С годами она накупила сотни платьев, включая несколько потрясающих вечерних туалетов, а также шикарные пальто и жакеты (иногда меховые), юбки и блузки. Одежда стала ее основным увлечением, помогавшим скоротать долгие часы безделья: ведь все надо было выбрать, заказать, подогнать по фигуре. Как любая женщина, внимательно следящая за модой и изучающая по журналам жизнь кинозвезд, она замечала новые тенденции и быстро усваивала их, иногда покупая прямо от кутюрье, но чаще давая задание портнихе переделать их модели под нее. Ее наряды можно читать, как дневник откровений, проливающих свет на ее характер и новый образ жизни.

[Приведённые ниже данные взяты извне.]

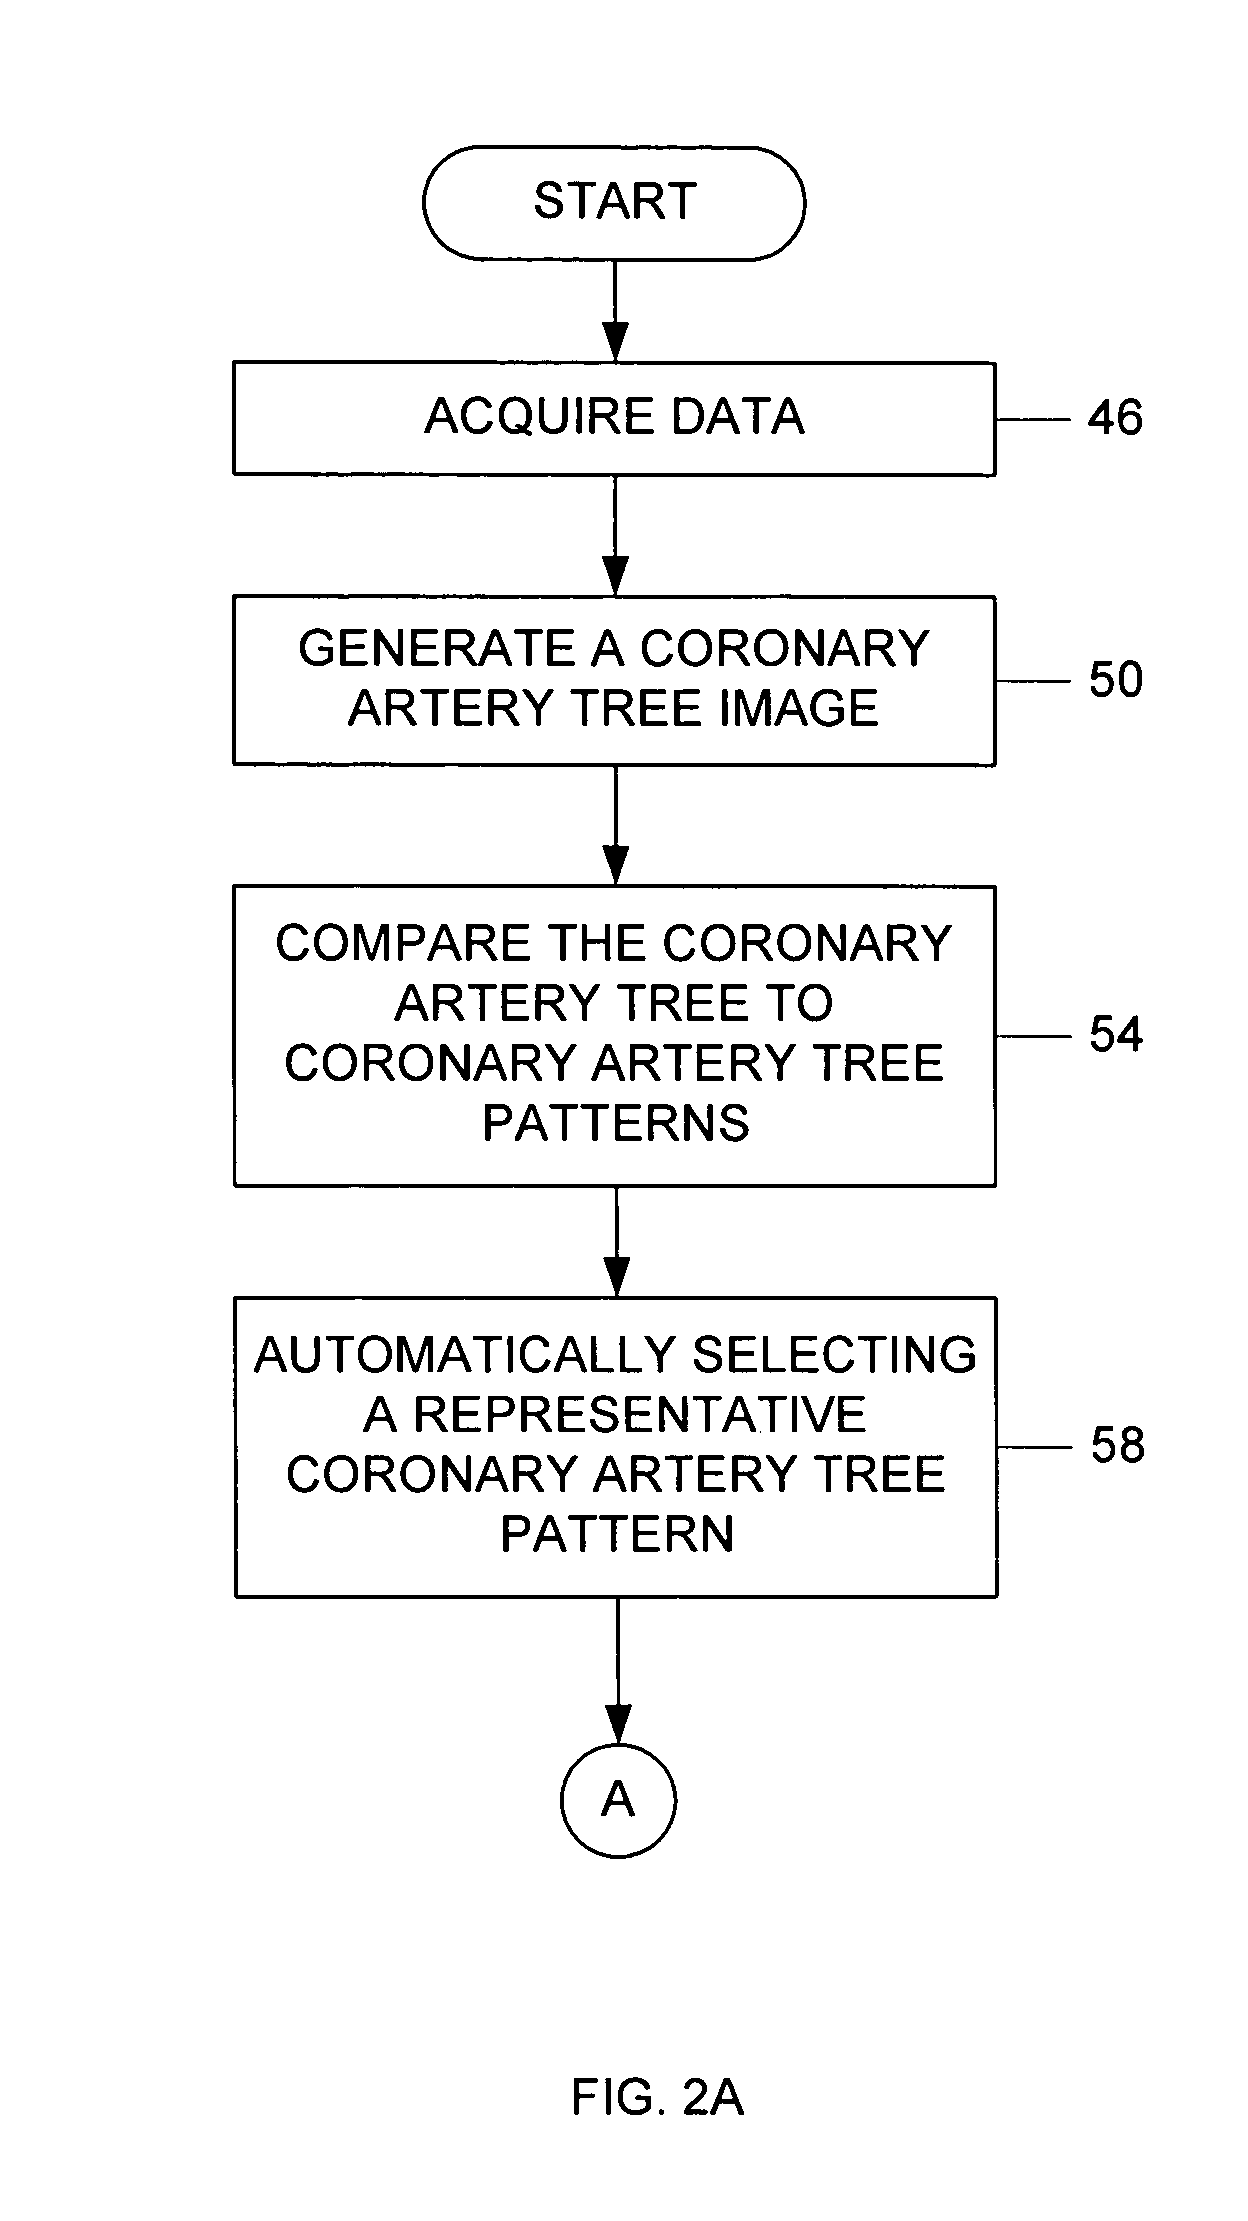 Coronary artery tree imaging system and method

Несколько костюмов стали любимыми надолго, в них Ева то и дело мелькает на фотографиях, и они больше других заслуживают внимания. Было, например, одно пальто в военном стиле — двубортное, с восемью медными пуговицами, — которое ей особенно нравилось, возможно, потому, что напоминало форменные шинели Гитлера. Она носила его годами. (Его можно увидеть на ее фотографии под руку с Альбертом Шпеером.) Прохладным весенним или осенним днем она выходила на террасу в изящном маленьком твидовом пиджаке, юбке и коротком свитере. Точно такой костюм могла бы выбрать английская леди на загородном отдыхе, что должно было радовать глаз Гитлера, восхищавшегося (до 1939 года) всем английским. Ева одевалась для себя, но всегда учитывала его мнение. Ее наряды были элегантны, но скромны, подчеркивали ее красивые руки и ноги, но никогда не имели глубокого декольте. Этого Гитлер бы не одобрил. Его вкусы отличались крайним консерватизмом. Чтобы потешить его, она часто носила традиционный баварский костюм «дирндль» и белую блузку с рюшечками, не говоря уже о прилагающихся высоких полосатых гетрах и ботинках на шнуровке, а порой и маленькой шляпке с перьями, — вылитая благонравная баварская хозяюшка. Еще ему нравились скромные ткани в полоску, в крапинку или в цветочек и рукава, заканчивающиеся белыми крахмальными манжетами, — почти как униформа. Больше всего он радовался, когда она надевала несколько его любимых платьев одно за другим, и жаловался, что никогда не знает, какая женщина к нему выйдет. Когда платье изживало себя (то есть было надето два-три раза), она отдавала его сестре или подруге, а если те отказывались, то служанкам.